Student No.3-from Japan: "I have been learning about Americans since I came here last September. First, Americans don't care what other people do or what happened. For example, when I come out of my room my roommate never ask me where you are going or where I went. Second, Americans are friendly and open-minded. When I went to my roommate's home, I was welcomed by her family. Her mother said to me immediately: "Help yourself to everything in my home," and I was surprised to hear it. I thought that the words indicated friendliness. In Japan we never open refrigerators or use my friend's things without permissions, because to serve is a virtue in my country. Third, Americans like cards, sometimes I can find cards are delivered to my American friends without special reasons. As far as I look at Americans, they seem not to care what other people do as a whole, while they think it's important to keep relation-ships between them and their friends and them and their parents."

AMERICANS AND MONEY

MARY'S FEELING BLUE

Mary Rathbun, 57, spent a restless night in the San Francisco jail thinking about the "magical cookies" that she baked to add to her fixed income. "The police wouldn't let me have one before I went to jail," she said. "I might have slept better if they had." Mary started her home baking business six months ago after a back injury forced her to quit her job as a grave-yard shift waitress. "I was a waitress for 43 years. I was good at it."

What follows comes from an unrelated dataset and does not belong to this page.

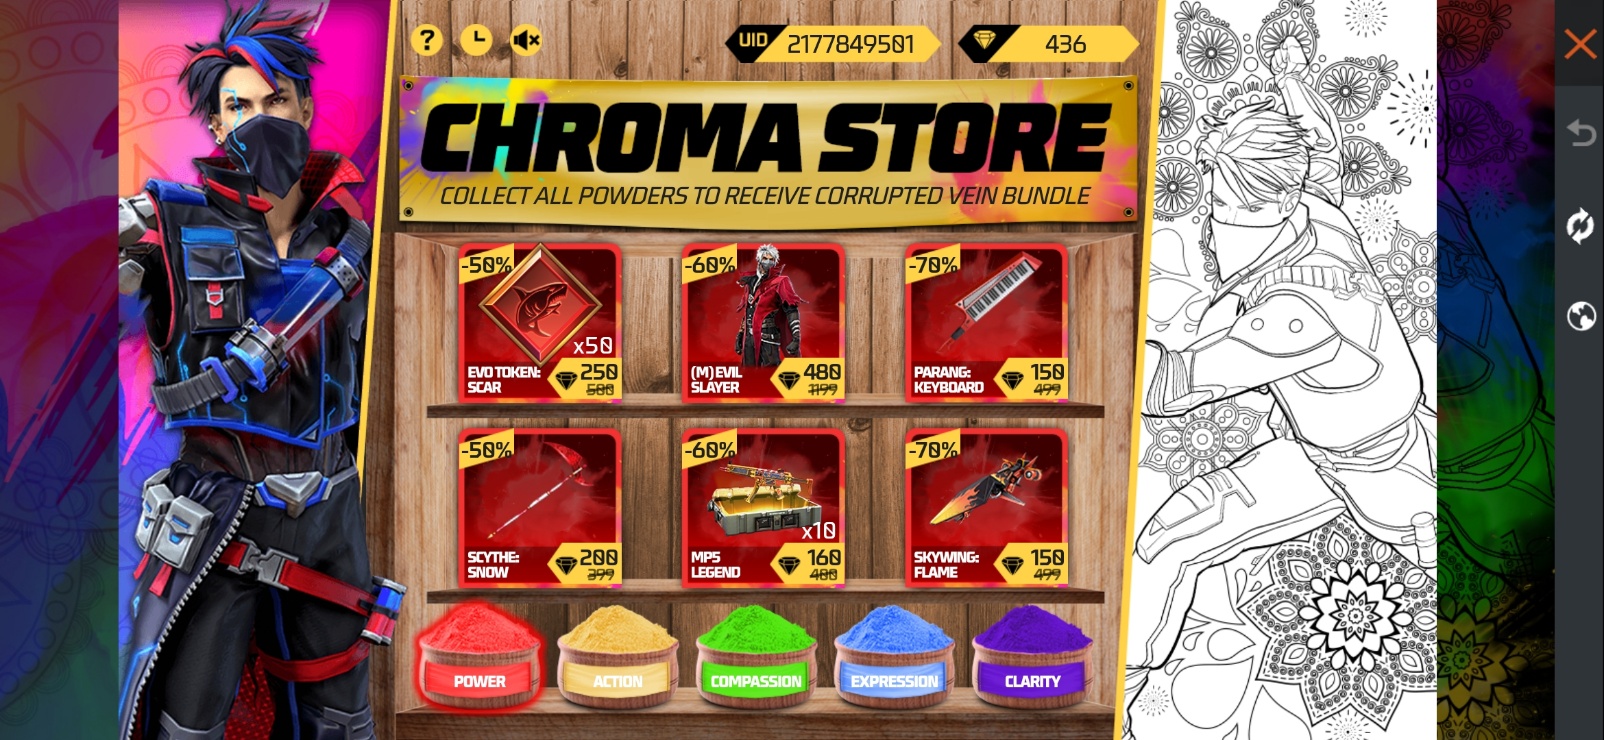 Chroma Store: How To Get The Corrupted Vein Bundle In Free Fire Max?

Mary's dozen magical brownies, which were baked with a lot of marijuana, were taken Wednesday night from her apartment, along with 20 pounds of pot and large amounts of sugar, margarine and flour. Mary, who has no previous criminal record, admitted doing a great business out of her home selling her "health food cookies." She said that she wouldn't give away her special recipe.

Mary advertised her "original recipe brownies" for $20 a dozen. Her lack of carefulness, especially taking orders over the phone from anyone amazed and amused the police officers who arrested her. "Life is a gamble.

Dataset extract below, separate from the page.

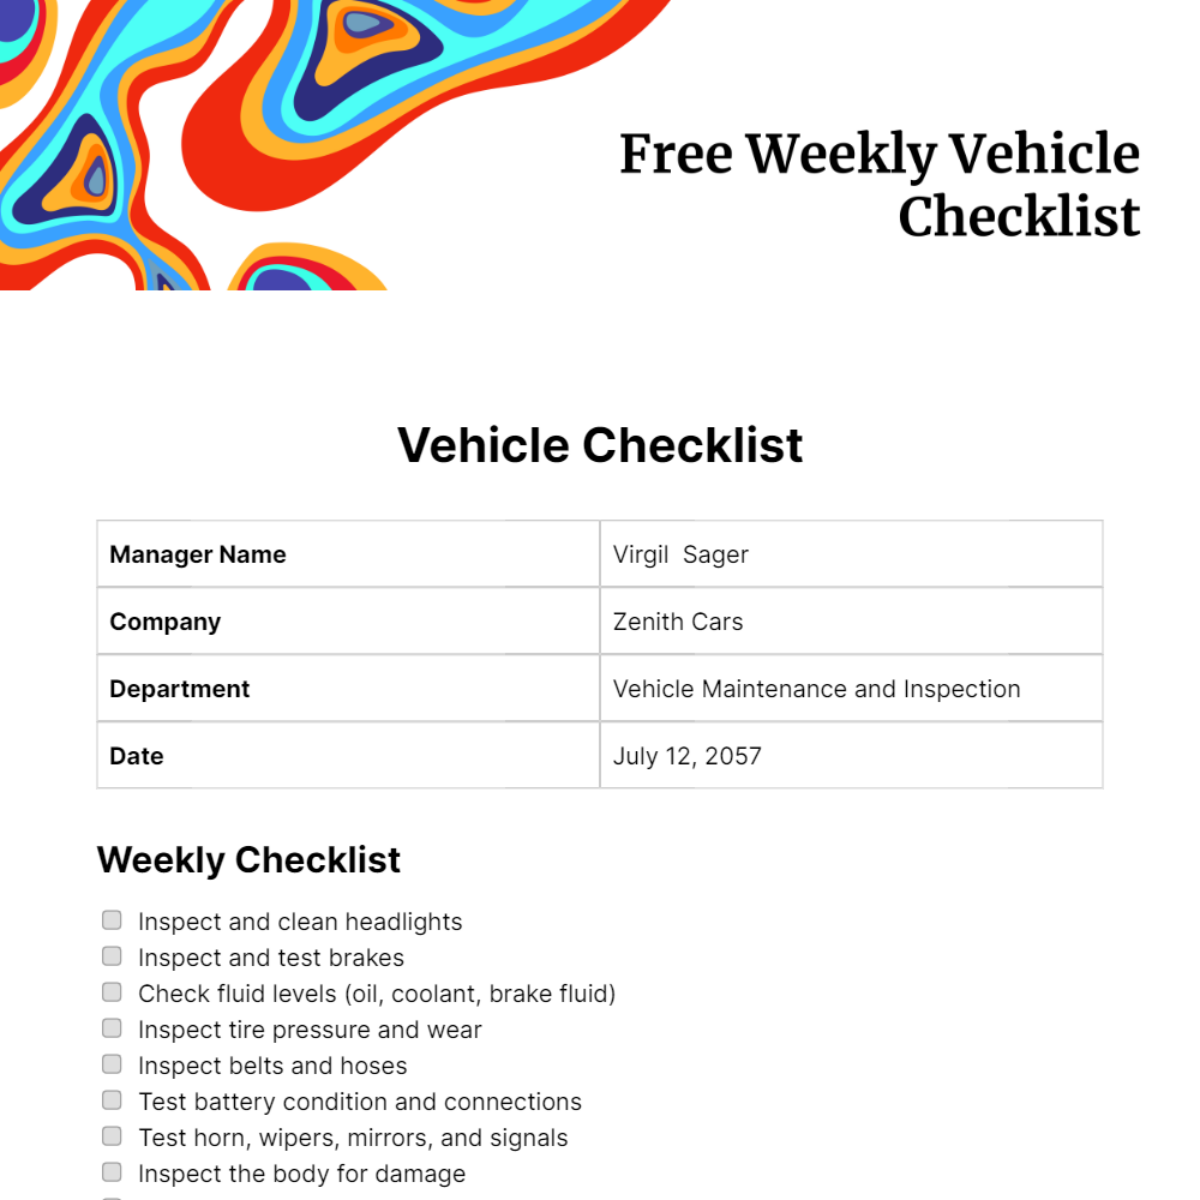 Free Weekly Vehicle Checklist Template

I played by the rules for 57 years. Then I gambled and lost."

True, Americans enjoy money and the things it can buy. But in defense of the so-called materialistic American, one expert in American culture points out, ". . . however eager we are to make money, we are just as eager to give it away. Any world disaster finds Americans writing checks to relieve distress. Since the war we have seen the spectacle of the United
States sending billions and billions of dollars' worth of goods to countries less fortunate than we. Write some of it off, if you will, to a desire to buy political sympathy; there is still an overplus of goodwill strictly and uniquely American. Generosity and materialism run side by side."

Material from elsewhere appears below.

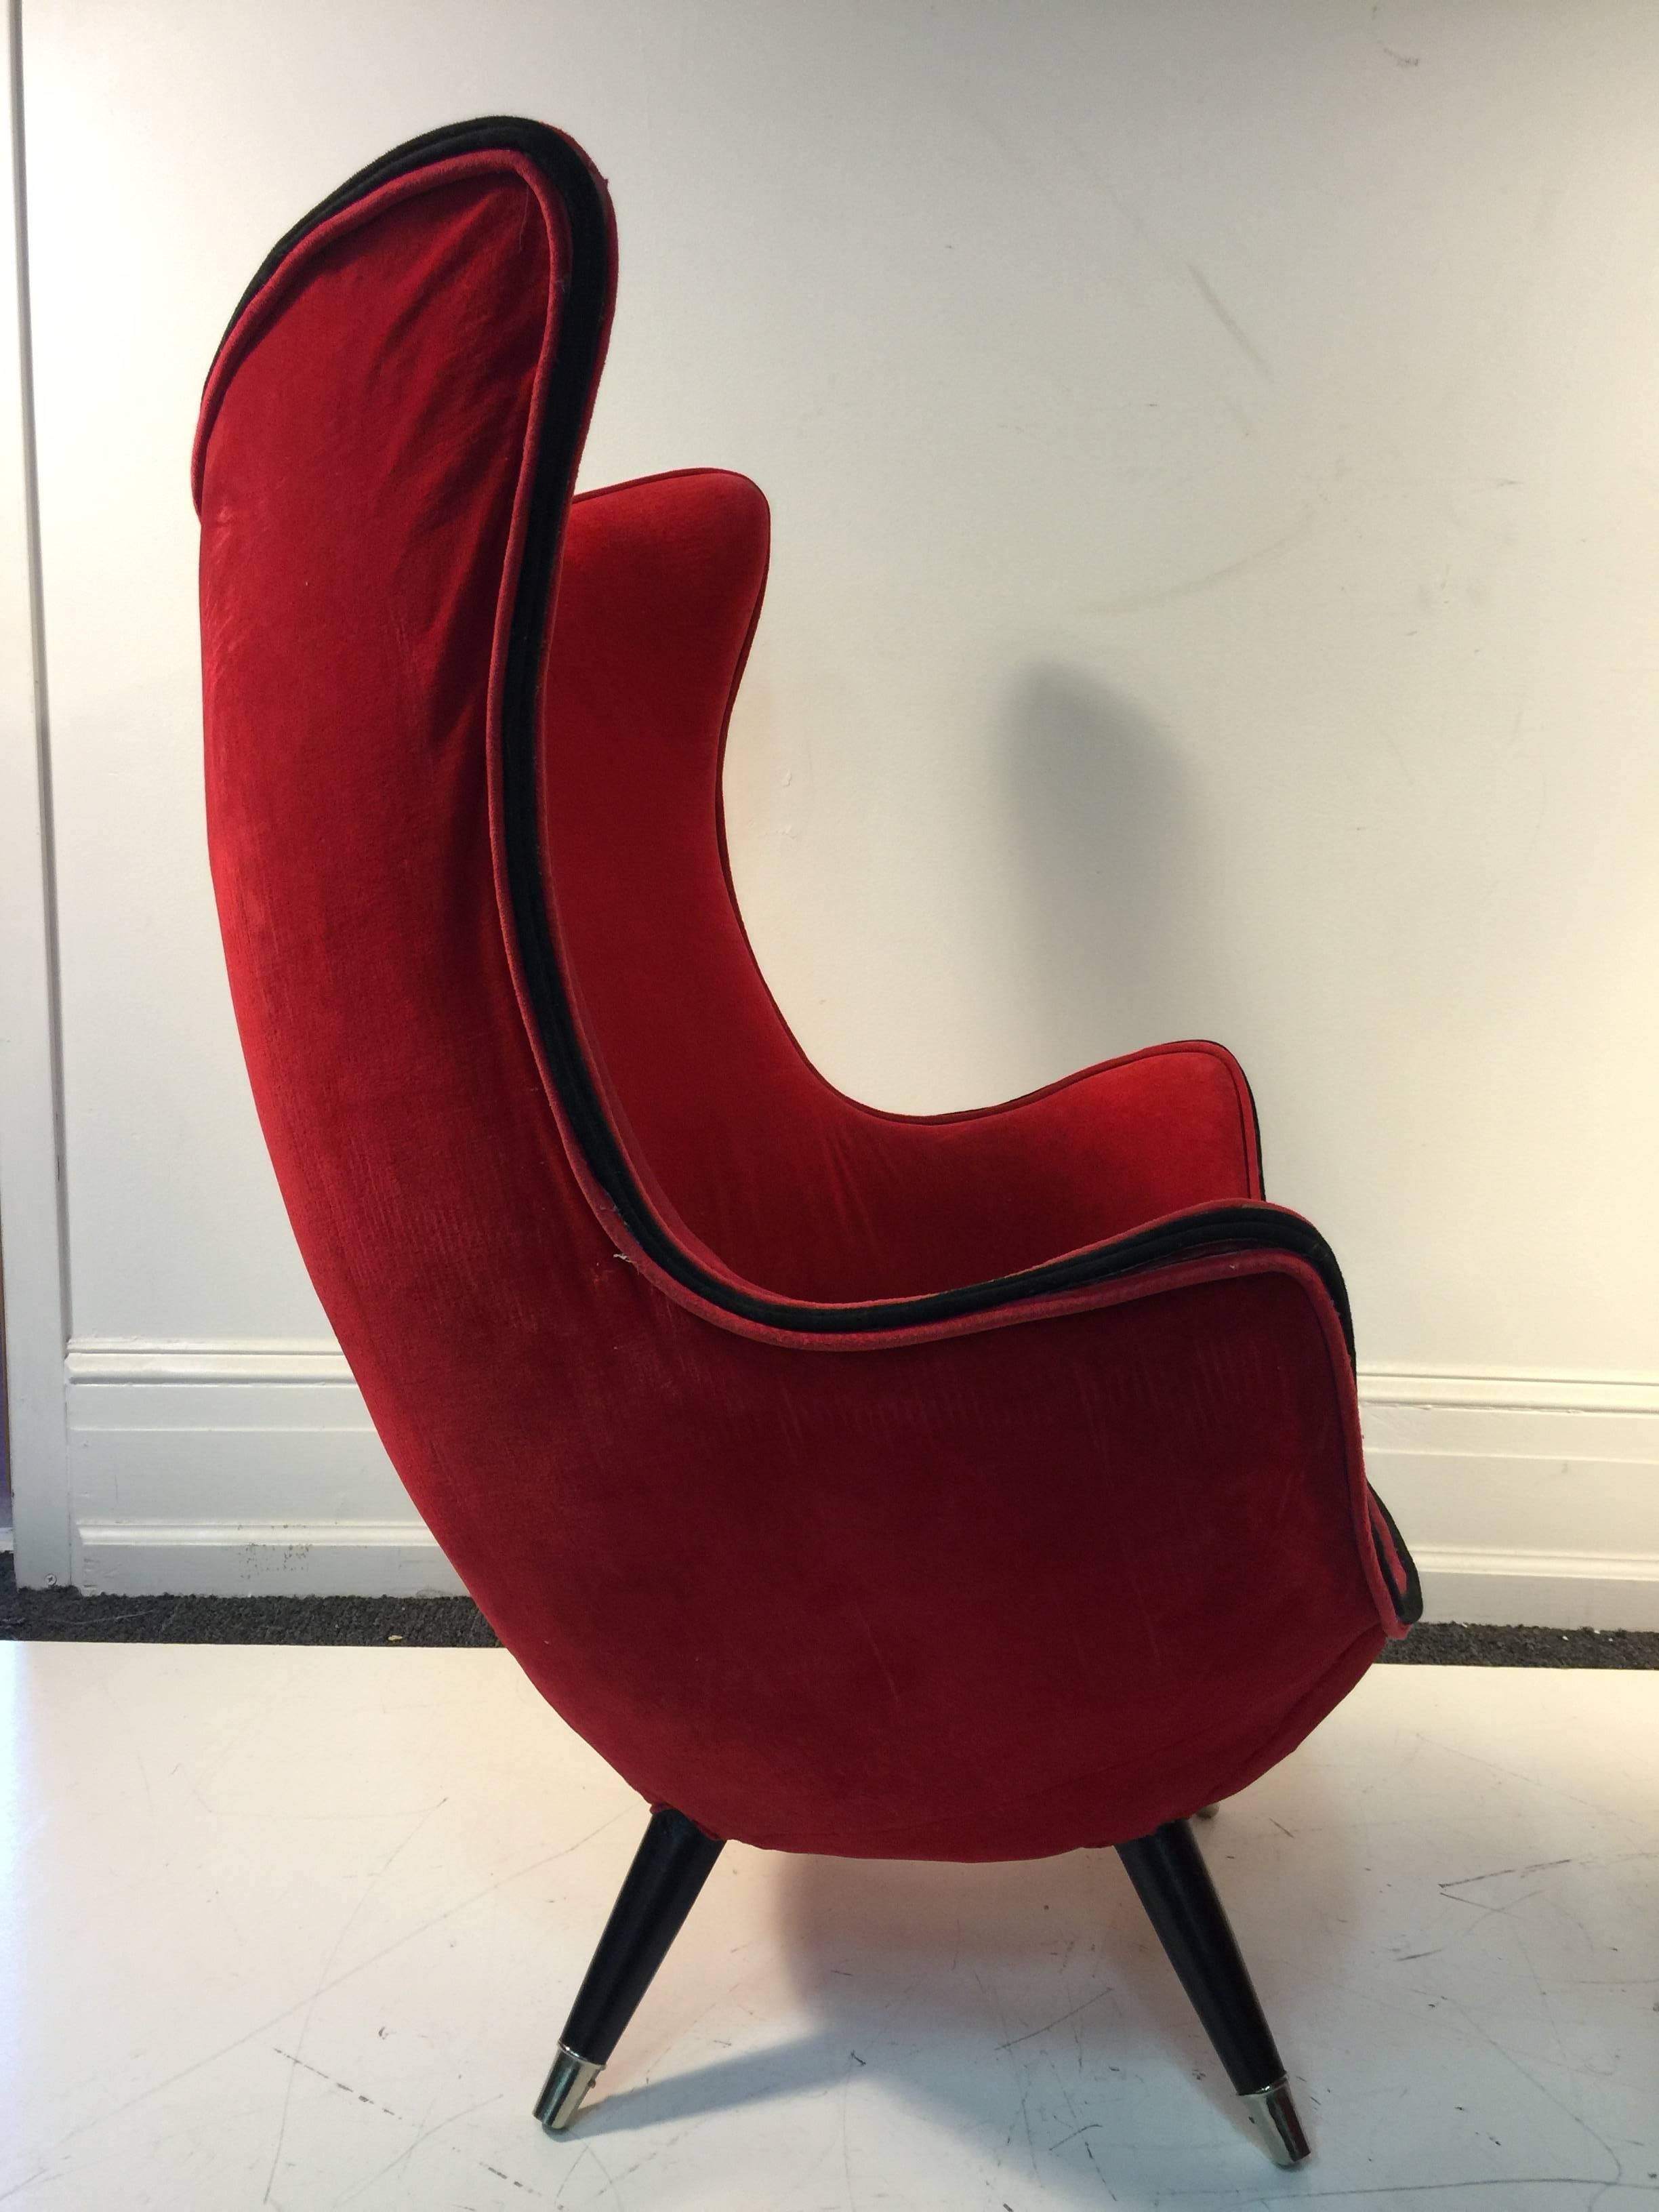  Exceptional Pair of Modernist Red/Black Lounge Chairs Atrributed to Jean Royere In Excellent Condition For Sale In Mount Penn, PA

The average American is also accused of being "rough around the edges"
-that is, of lacking sophistication in manners and understanding of things cultural. He tries hard to polish those edges through education and travel.
But no matter how much he learns and sees, his interests are less with the past than with the present and future, less with the decorative than with the functional. He may be bored by medieval art but fascinated by modern engineering. Foreigners will find him always ready to compare cultures, though he may conclude that American methods are more efficient and therefore better. In expressing his views, he may be blunt to the point of rudeness. He admires efficiency and financial success. Eager to get as much as possible for his time and money, he is sometimes impatient, tense, and demanding. Often, he is in a hurry and unable to relax. His intensely competitive outlook is probably his greatest fault. But one must give him credit for his virtues: he is friendly, spontaneous, adaptable, efficient, energetic, and kindhearted. All things considered, he is a likable guy.